Confira o vídeo depoimento do Ministro Paulo Guedes na Comissão de Constituição e Justiça, na Câmara dos Deputados:

Fonte: Câmara dos Deputados

O ministro da Economia, Paulo Guedes, vai hoje (3), às 14h, à Comissão de Constituição e Justiça (CCJ) da Câmara, primeira etapa de tramitação do texto, para debater a proposta de emenda à Constituição da reforma da Previdência (PEC 6/19).

Segundo o presidente da CCJ, deputado Felipe Francischini (PSL-PR), a audiência pública deve ser longa, mas “proveitosa”.

“A duração da audiência vai depender do número de inscritos. Já temos quase 50 deputados inscritos.
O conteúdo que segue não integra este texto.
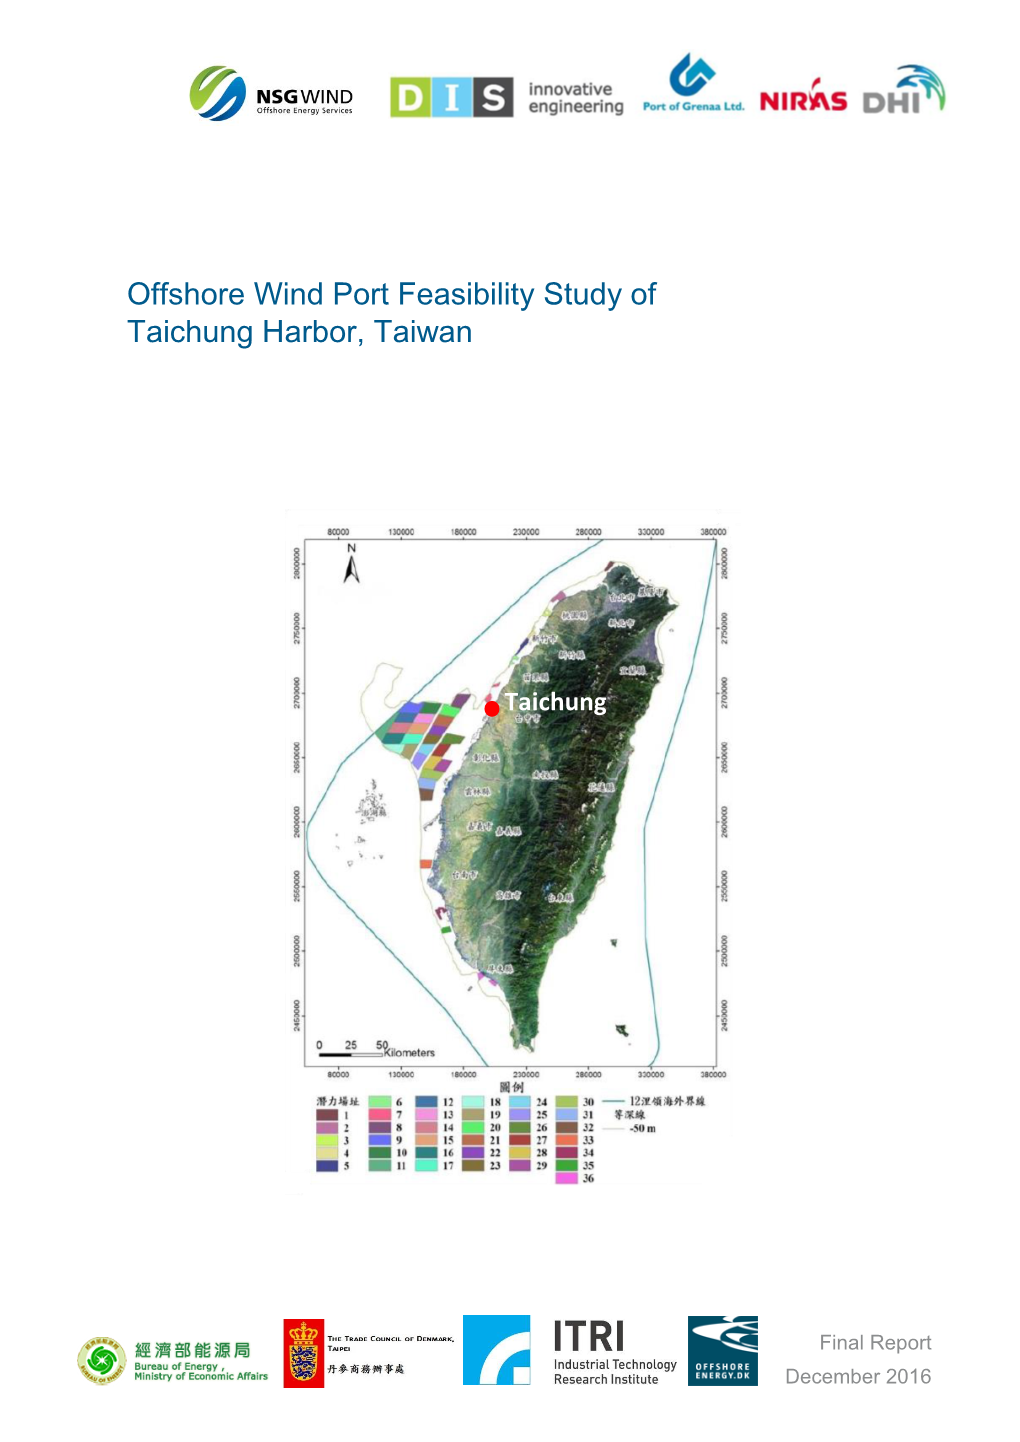 Offshore Wind Port Feasibility Study of Taichung Harbor, Taiwan

Às 13h30, vamos abrir a ficha de inscrição. Acredito que o Paulo Guedes vai ficar pelo menos até os deputados todos poderem utilizar a palavra”, disse o deputado ontem (2), após reunião com líderes da base aliada na residência oficial da Câmara.

Os parlamentares querem que o ministro esclareça pontos da reforma previdenciária dos trabalhadores civis, a alteração do regime previdenciário dos militares e a reestruturação da carreira das Forças Armadas.

A audiência com o ministro estava marcada para 26 de março, mas Guedes cancelou a ida, alegando que preferiria comparecer depois que a comissão escolhesse o relator da proposta.

Ontem, o secretário de Previdência e Trabalho, Rogério Marinho, após participar de reunião com deputados e o ministro da Economia, afirmou que o governo vai continuar a defender a proposta integral de reforma da Previdência, mas as novas regras de aposentadoria rural e do Benefício de Prestação Continuada (BPC) poderão ser suprimidas se a maioria dos parlamentares decidir.

Líderes partidários acertaram que a proposta de retirar do texto da reforma da Previdência as mudanças nas regras do Benefício de Prestação Continuada (BPC), da aposentadoria rural e a desconstitucionalização (com rebaixamento para lei complementar) das regras previdenciárias deve ser discutida na comissão especialque vai analisar o mérito da PEC 6/19).  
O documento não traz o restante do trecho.